El hecho, es que lo que los romanos llamaron dictadura, hoy lo llamamos estado de alarma. Esto no implica ninguna valoración moral del hecho. Puede ser necesario que en situaciones extremas, cuando el peligro lo justifica, alguien detente todo el poder. Pero la realidad es que nuestro ínclito presidente Pedro Sánchez está ejerciendo, de facto, como dictador. Sin embargo en esto acaban las coincidencias entre César y Sánchez. Al primero se le recuerda como gran estratega militar, brillante cronista (autor original de sus obras), y, más allá de sus fallos de cálculo, astuto político. En último, sólo será recordado por su torpeza, su ego y... ¿por su maldad? Porque aquí cabe hacerse algunas preguntas esenciales ¿está justificado nuestro estado de alarma? ¿Vivimos en una situación que requiera un recorte tan brutal de los derechos civiles? Algunos hechos nos pueden ayudar a responder:

tabla elaborada por el Prof. del IESE Luis Huete. Relación entre muertos por millón y contracción económica

Primero: somos, en reñida disputa con Bélgica, el país del mundo con más muertos por millón por coronavirus. Cuando el Gobierno quiera contar bien a los fallecidos el liderato en este ranking será absoluto. Encabezamos también la lista de porcentaje de sanitarios infectados.

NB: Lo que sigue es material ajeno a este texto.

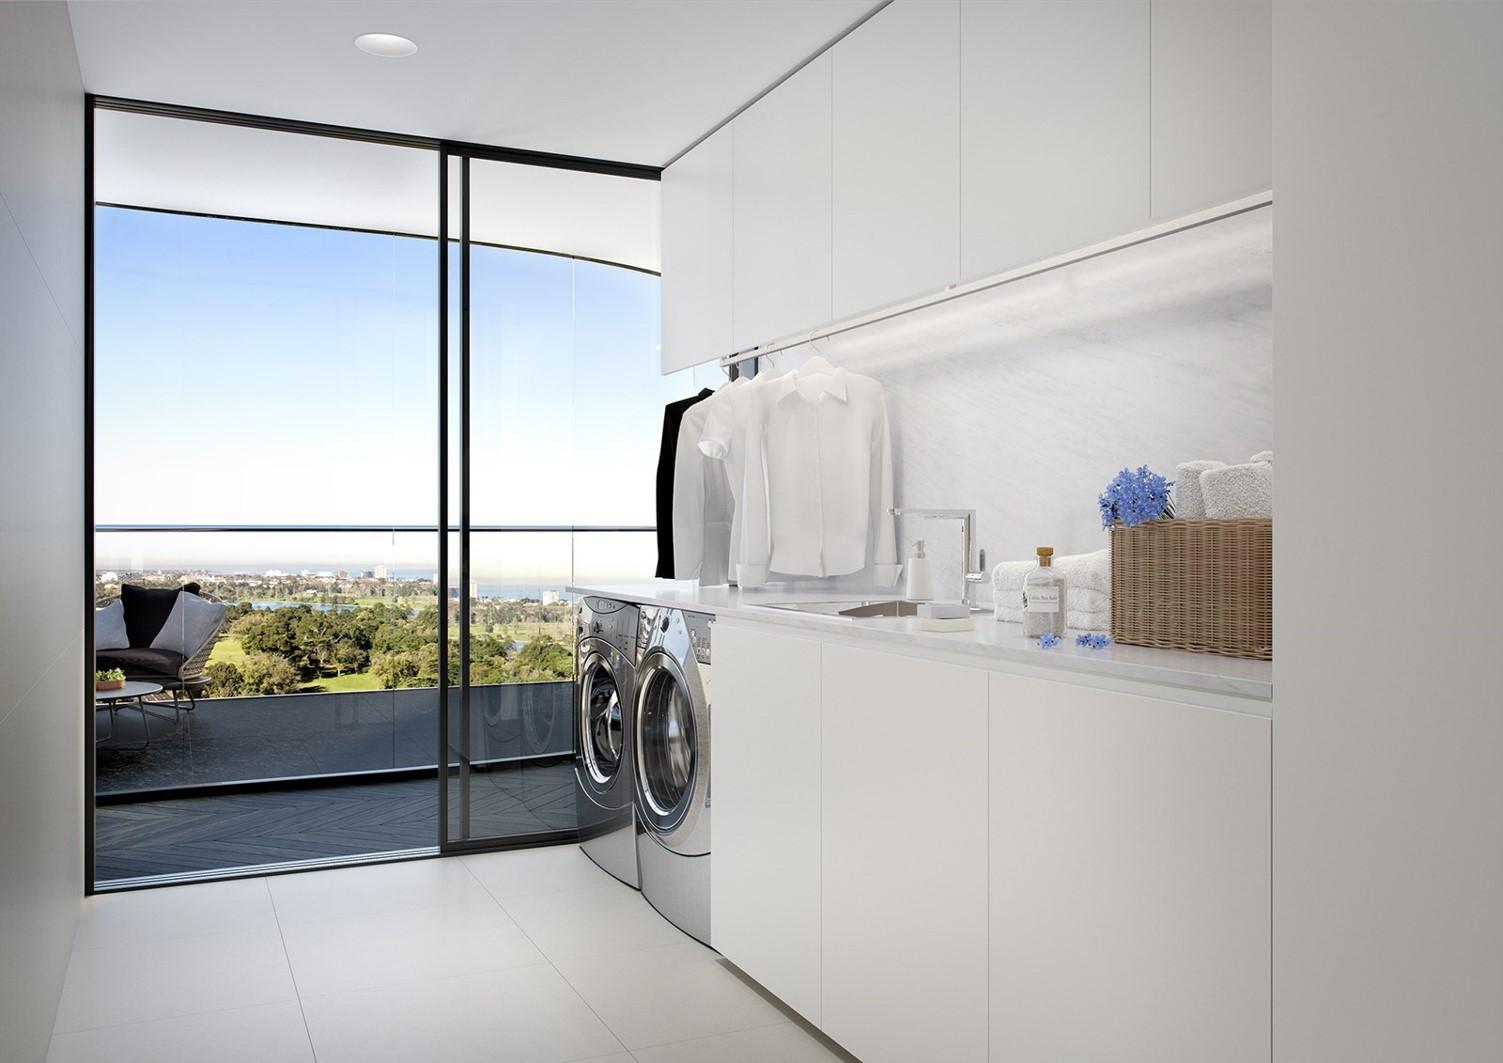 Laundry pic1.jpg

Segundo: lideramos -esta vez en estrecha disputa con Italia- el nivel de contracción económica (cercana al 10%).

Tercero: España es el único país de Europa en el que se han utilizado recursos constitucionales de emergencia para controlar la situación. En el resto del continente se han utilizado mecanismos ordinarios.

Cuarto: nuestro gobierno es el líder indiscutible en bochorno ciudadano. Empezando por la compra de mascarillas fake y terminando por la improvisación más absoluta; el número de sonrojos que nos ha producido la gestión de nuestro gobierno no ha tenido fin. Si no hubiese muerto gente sería hasta divertido.

Quinto: el gobierno está aprovechando la situación tanto para legislar vía decreto asuntos de extrema gravedad que nada tienen que ver con el estado de alarma, o para promover procesos legislativos de suma importancia.


Creo que no hace falta seguir. Nuestro estado de alarma no sólo nos recorta derechos esenciales, sino que no está siendo efectivo en absoluto: morimos más que nadie, nos empobrecemos más que ninguno. Y sin embargo el gobierno con una mano blande el miedo a la ciudadanía, mientras que con otra le prepara la sopa boba, a la que ahora se le llama renta mínima vital. Panis et circensis es una fórmula que siempre ha funcionado. Quizá por eso al Presidente le preocupe tanto el inicio de la liga de fútbol. ¿Hasta cuándo tendremos que aguantar esto?


Por desgracia entre el dictador romano y el nuestro todavía hay una preocupante divergencia. A César le salió caro, pero a nuestro Presidente le han explicado desde el Atlántico Sur como se hacen las cosas (aunque todo pude ser, porque Pablo, ya sabemos, es un hombre honrado).


La jugada está bastante clara. Pero si César triunfó -literalmente- fue porque las masas lo aclamaron. Al inicio de la obra Archipiélago Gulag de Solzhenitsyn, aparece una idea sobrecogedora: el comunismo no hubiese triunfado en Rusia si cada ciudadano, al ser arrebatado de su casa de noche, se hubiese revuelto con estruendo. Tal vez por eso haya llegado la hora del clamor. No se trata de salir a la calle en tropel como si la enfermedad no existiera, pero es necesario entender que cada balcón, cada cada ventanilla, cada paseo, deben ser una pancarta y un altavoz de la auténtica democracia: #gobiernodimisionya, #Sanchezveteya, #dejaddearruinarnos. Mientras no lo hagamos"Ave Sánchez, morietur te salutant!".

 

* Ave Sánchez, los que están muriendo te saludan!